Фаина Оржеховская - Воображаемые встречи
Помню, как я однажды уже очень поздно улегся, разбитый, подавленный мыслью, что так и не нашел мотива для характеристики своего Тассо[136]. Все мелодии казались мне вымученными, слишком изысканными, немелодичными. «Тассо — герой, — думал я, — у него мужество, воля, сила. Все это так. Но ведь это с избытком есть и у Прометея. В чем же особенность Торквато Тассо, итальянского поэта? Что отличает его от других?»
Я незаметно уснул, так и не разрешив этих сомнений.
Может быть, слово «итальянский» осталось в моей памяти и не покидало ее больше. Но в ту ночь мне приснился приятный сон: будто я скольжу по каналу в черной гондоле и не то прислушиваюсь к пению гондольера, не то сам напеваю задумчивую мелодию, которая мне необыкновенно мила. И характер этой песни, близкой к венецианским «гондолеттам»[137], радует меня…

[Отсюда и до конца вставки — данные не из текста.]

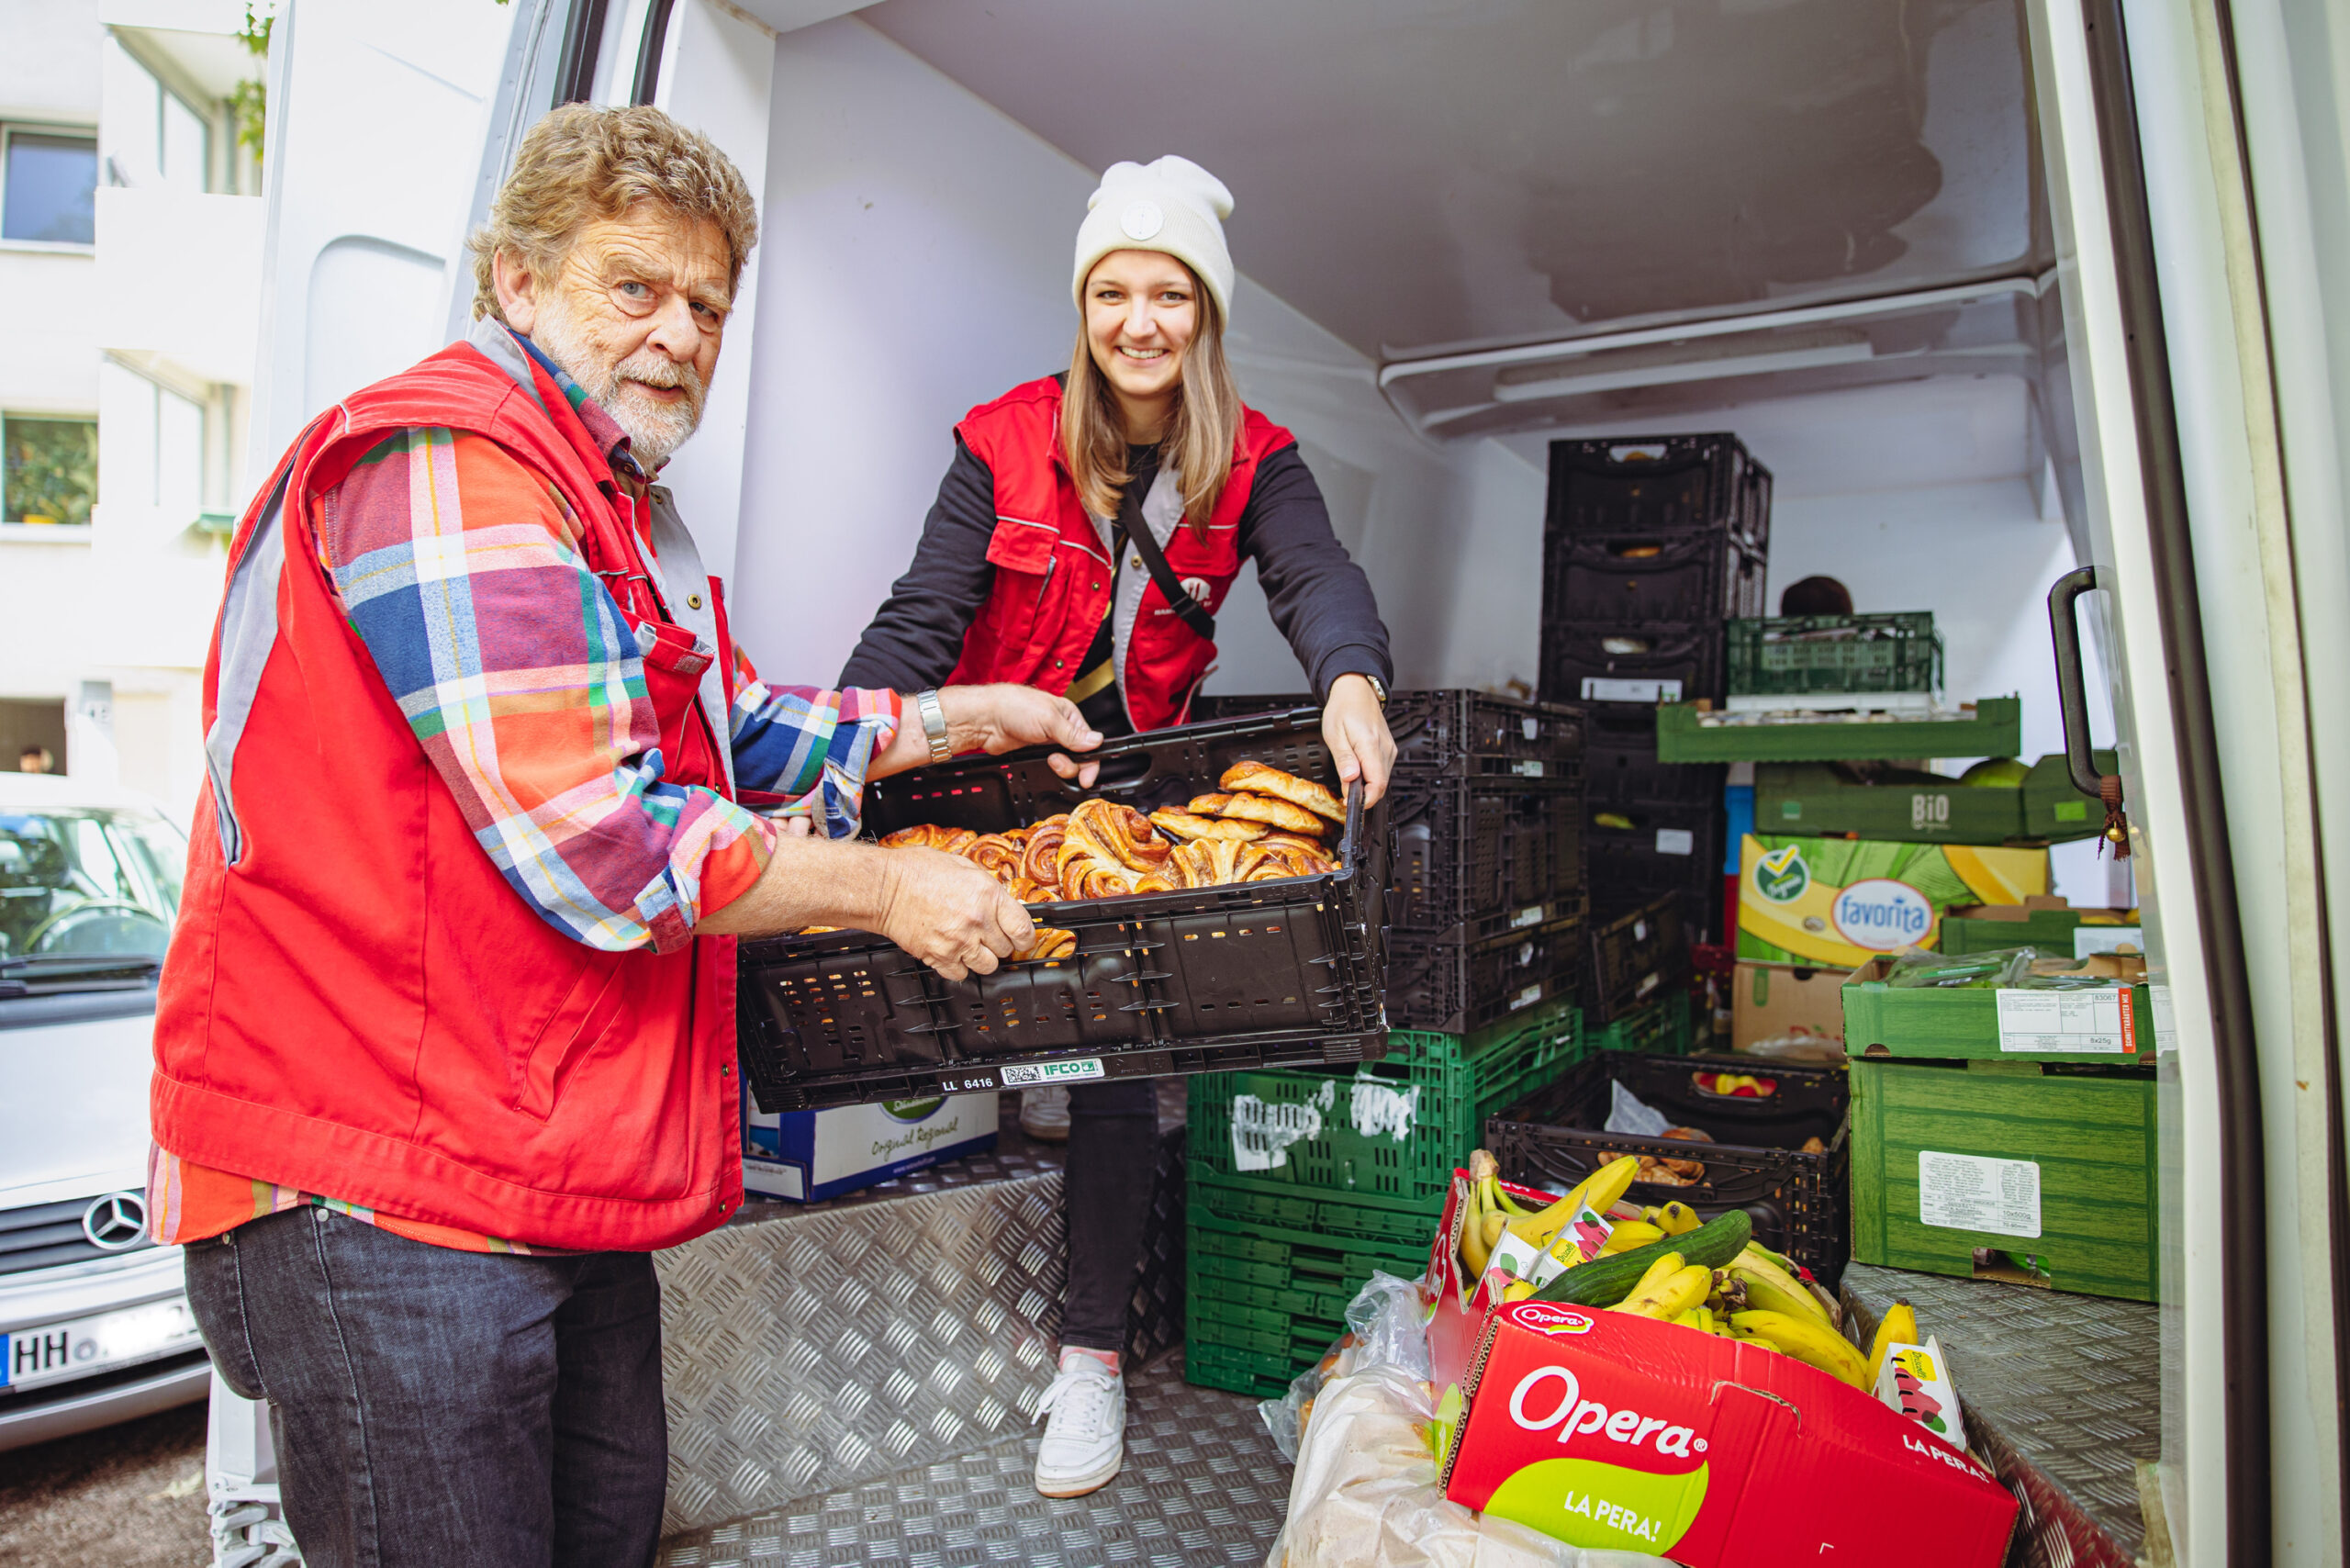 Tafelmitarbeiter Birger Warncke (73) und Foodloose-Mitarbeiterin Kira Loy (27) fahren zusammen Lebensmittel aus.
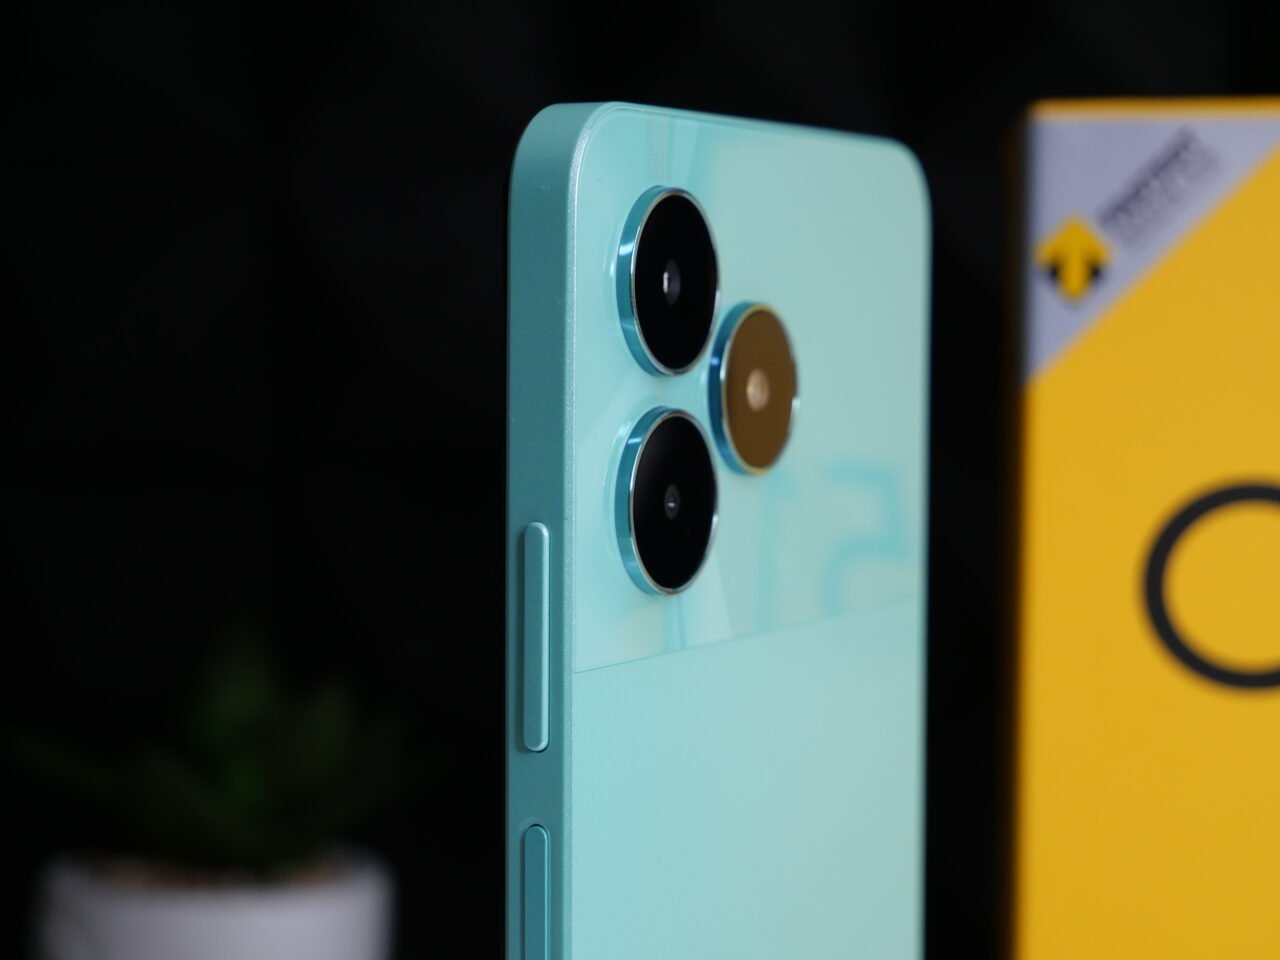 Smartfon w błękitnym kolorze z potrójnym aparatem i obiektywem w złotej obwódce, na tle rośliny i żółtego pudełka z logotypem.

Проснувшись, я вскочил с постели, ощущая прилив сил. Солнце хлынуло в окна, и в ту же минуту я, к своему счастью, вспомнил ночную песню всю целиком. И тут же понял, что эта неожиданно обретенная мелодия и есть наилучшая тема Торквато Тассо.
А «Фауст-симфония»! Бог ты мой, как мучился я, думая о Мефистофеле! Тема Фауста, сложная, полная противоречий, далась мне сравнительно легко. Многие из нас пережили фаустовские муки. Вся моя прошедшая жизнь могла быть преддверием к этой теме. Маргарита — образ девической прелести и чистоты. Я и для нее нашел музыкальный рисунок. Немало таких девушек встречал я в жизни и не раз, глядя на них, вспоминал:
Ты, как цветок весенний,
Чиста, нежна, мила.
Любуюсь я, но на сердце
Скорбная тень легла.
Но Мефисто? Дух отрицания! Как передать его в музыке? Разве есть такой звукоряд, который способен воплотить зло? Да, его можно изобрести, но будет ли это музыкой? А я хорошо помню завет Моцарта: в музыке все должно быть музыкально.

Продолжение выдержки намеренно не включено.